Przekształcenie istniejącej restauracji na lokal pod marką SPHINX wiąże się ze znacznie niższymi nakładami niż uruchomienie restauracji od zera. Wynikają one z konieczności adaptacji lokalu do standardów marki i zależą od stanu lokalu i jego wyposażenia. Czas zwrotu z takiej inwestycji wynosi ok. 12-18 miesięcy. Dzięki działaniu we wspólnej grupie przekształcona restauracja może korzystać z niższych cen zakupowych, pozwalających na obniżenie tzw. foodcostu o co najmniej 10%. Działanie pod silną, znaną marka ułatwia pozyskiwanie gości i wpływa na wzrost częstotliwości wizyt lojalnych klientów, także dzięki korzystaniu z programu lojalnościowego Aperitif, zrzeszającego ponad 650 tys. osób. Restaurator może też liczyć na wsparcie w zakresie przygotowania menu i zarządzania ceną, pozyskiwania finansowania czy ograniczania ryzyka związanego z częstymi zmianami prawa.
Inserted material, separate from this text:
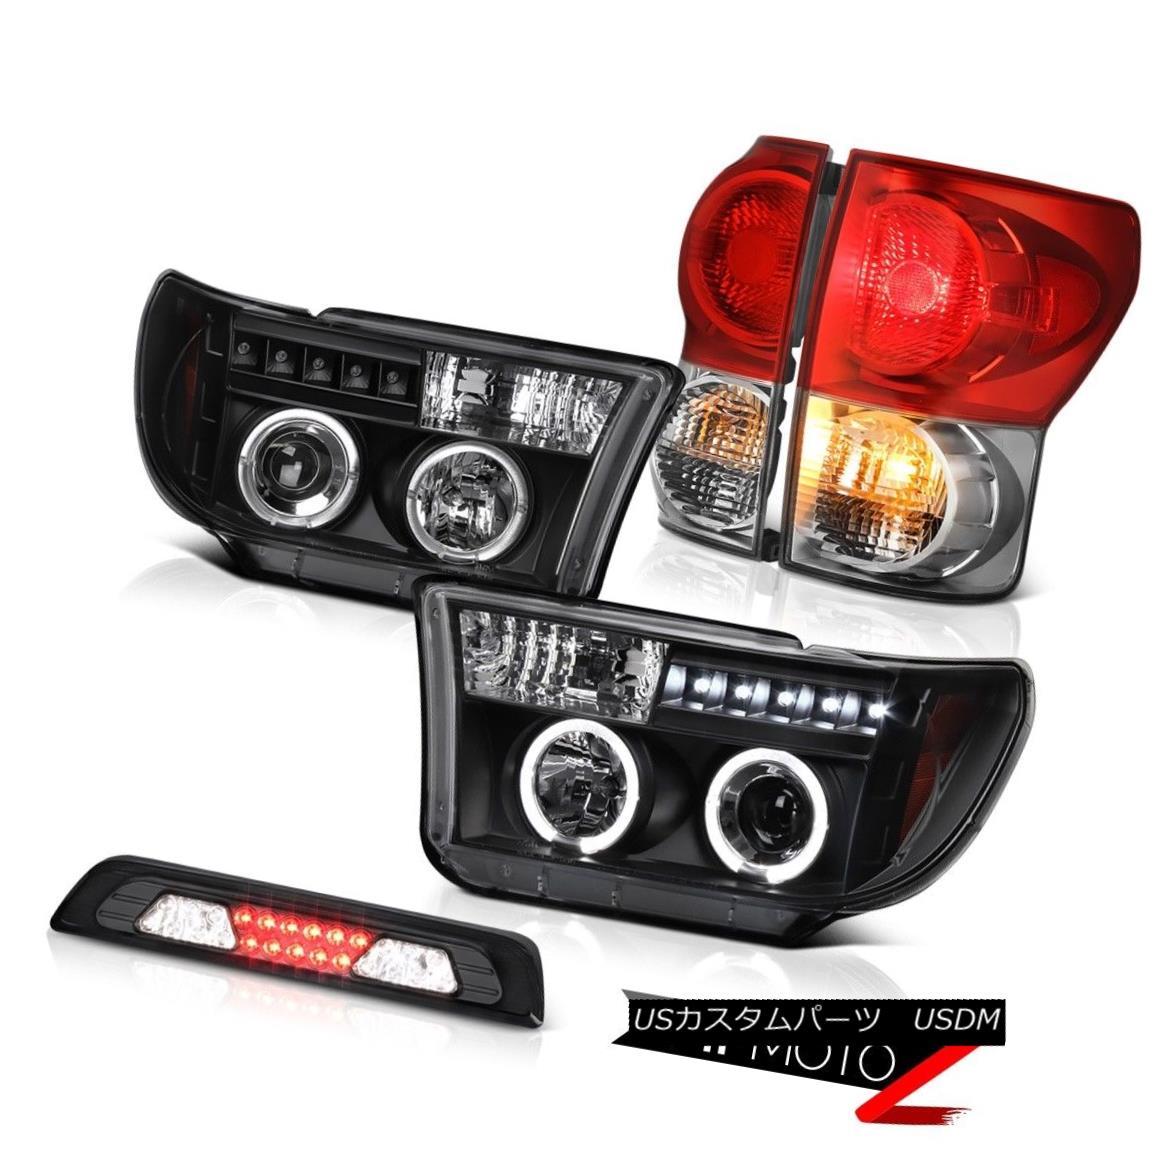 テールライト 07-13 Toyota Tundra Platinum Roof Cab Light Taillights Raven Black Headlights 07-13トヨタ・トンドラ・プラチナルーフキャブ・ライト・テールライトレーブ・ブラック・ヘッドライト
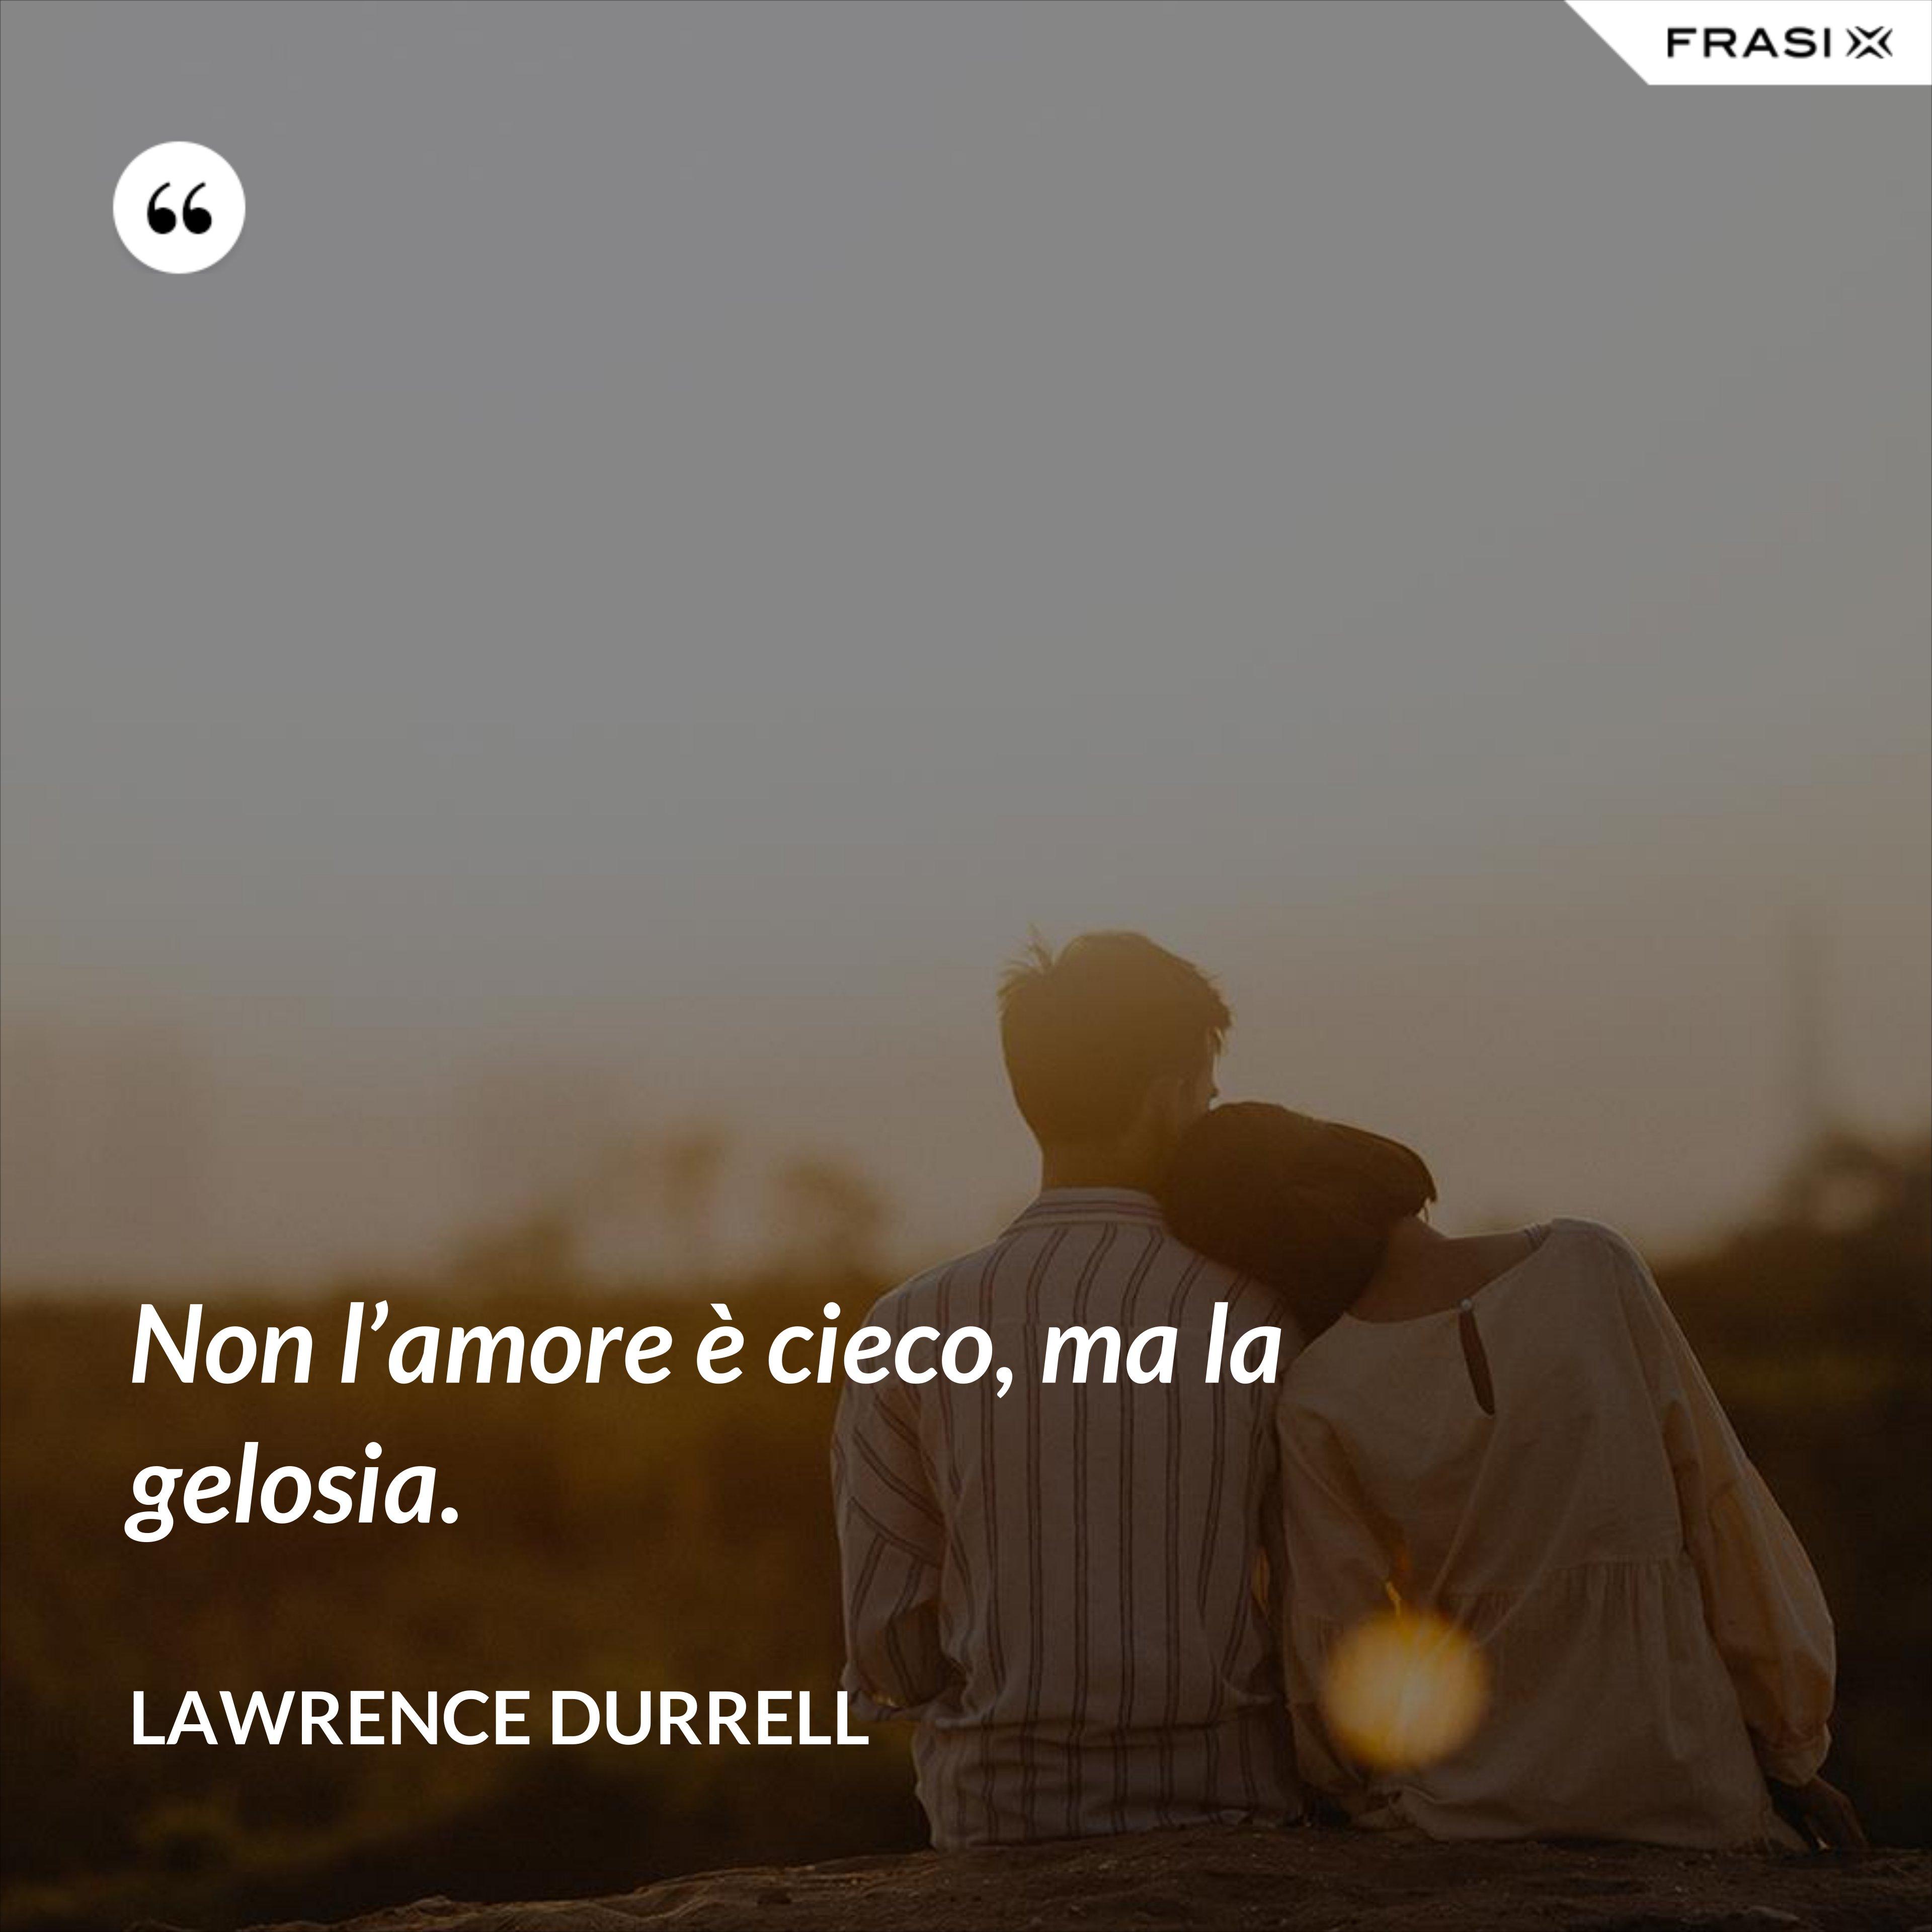 Non l'amore è cieco, ma la gelosia. - Lawrence Durrell

Sfinks zamierza też w dalszym ciągu rozwijać się poprzez uruchamianie nowych restauracji w modelu franczyzowym. Otworzył już w tym roku restauracje SPHINX w Toruniu w dawnej prestiżowej lokalizacji na Starym Mieście oraz w Gliwicach, gdzie powrócił po kilkuletniej nieobecności. Na zaawansowanym etapie przygotowań są trzy restauracje pod szyldem SPHINX, w tym restauracja w Poznaniu w Galerii Pestka, lokale miejskie w Jarocinie i Rzeszowie. W drugiej połowie roku otworzą się też dwie dodatkowe restauracje SPHINX w parkach handlowych – koło Warszawy (park Glinianka) i w Opolu (park Ozimska). W trakcie uzgodnień są kolejne lokalizacje dla marki SPHINX, w tym na Pomorzu i Dolnym Śląsku.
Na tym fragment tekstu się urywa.